In the findings reported by [16], strong positive correlations were observed between PM2.5 and PM10, PM2.5 and CO, and PM2.5 and NO₂, while moderate correlations were noted among PM2.5 and SO₂, PM10 and NO₂, SO₂ and CO, and CO and NO₂. The study also ranked the predictors of AQI and air quality grade in terms of their significance, listing PM2.5 as the most influential, followed sequentially by PM10, O₃, CO, NO₂, and SO₂. Among the forecasting techniques considered, the stacking model yielded the best overall performance (

R^{2}

= 0.973; RMSE = 7.568; MAE = 4.596), surpassing the predictive accuracy of LASSO, Gradient Boosting, and Random Forest. This demonstrates the stacking model’s efficacy in capitalizing on the complementary capabilities of individual algorithms.

Alsaber et al.’s [1] evaluation of machine learning methods for PM10 prediction in Kuwait highlighted vehicle emissions as the primary factor influencing pollution levels. They obtained

R^{2}

of 0.885–0.882 with neural networks, and 0.895–0.941 with kNN. As to metrics, while precision, F1 score, and accuracy remain important, they carry inherent limitations as highlighted in [17]. Canbek [18] advocates for the use of RMSE as a more comprehensive metric, particularly in contexts where misclassification severity varies significantly. In this work, we base our ML performance comparison on the MSE and

R^{2}

metrics.

Previous studies indicate that machine learning techniques, particularly tree-based and ensemble methods, demonstrate superior performance in air quality prediction compared to classical models. For instance, ref. [19] propose a hybrid system that incorporates multiple machine learning methods to produce more accurate forecasts of air pollution. They note that data-driven approaches are often more accurate and less complex than traditional model-based approaches, such as chemical transport models, for predicting air quality [19]. Furthermore, ref. [20] found that ensemble models generally outperform single machine learning methods in their study on urban air quality index prediction, assessing various models under different urban contexts [20]. However, much of the existing research predominantly focuses on regions outside of the Arabian Gulf, where local conditions, such as dust storms, significantly influence air quality dynamics [1,21]. The necessity for systematic comparisons across multiple machine learning models, alongside feature selection strategies, remains underexplored in the Kuwaiti context, thereby justifying this study’s aim to evaluate eight machine learning models on air quality data specific to Kuwait [22]. This work not only addresses methodological gaps but also provides region-specific insights on PM2.5 dynamics, thereby informing evidence-based policy recommendations tailored to governmental needs [23].

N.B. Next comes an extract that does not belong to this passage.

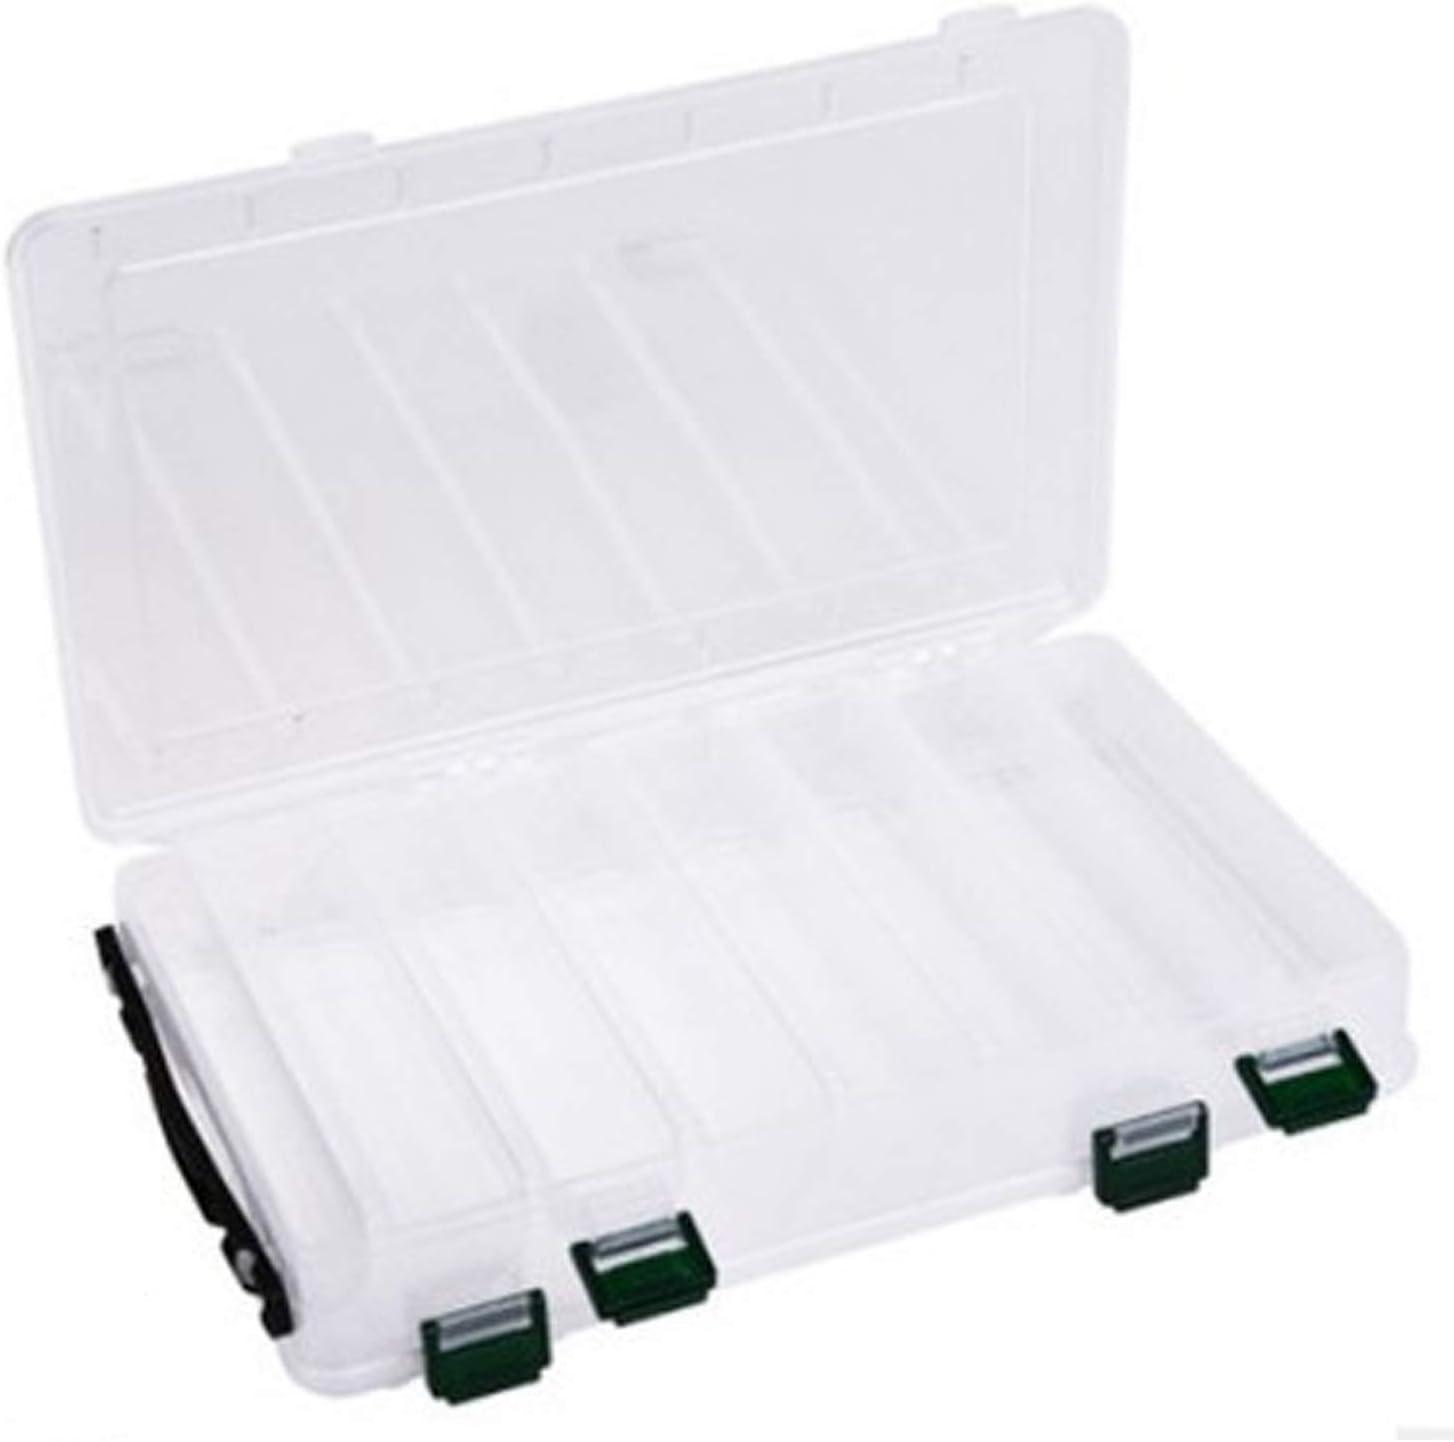 Haken K/öderbeh/älter K/öderbox f/ür Blinker /& Wobbler Hardbaits Box Kunststoff Tackle Box, 16 /× 7,7 /× 4,5 cm f/ür Kunstk/öder 16 Faecher wasserdichte Angel Box Angelbox f/ür Angelk/öder Baitbox

3. Research Goals and Methodology

The development of advanced air pollution classification models using ML is well-supported by relevant studies, particularly in the context of Kuwait and similar regions. However, the lack of research on air pollution classification and prediction in the Arabian Gulf countries represents a critical gap that needs addressing. The broader field of machine learning for environmental applications continues to evolve, with research by Nandi et al. [24] highlighting the growing importance of neural networks in predicting air and water pollution. Additionally, research on explainable AI is increasingly relevant, as understanding the underlying factors driving predictions is crucial for developing effective interventions [25]. Our research draws upon these studies to develop robust ML classification models. Specifically, the research focuses on classifying and recognizing PM2.5 concentrations and relevant environmental and weather characteristics, aiming at providing valuable information for policymakers and public health officials to implement timely and effective mitigation measures.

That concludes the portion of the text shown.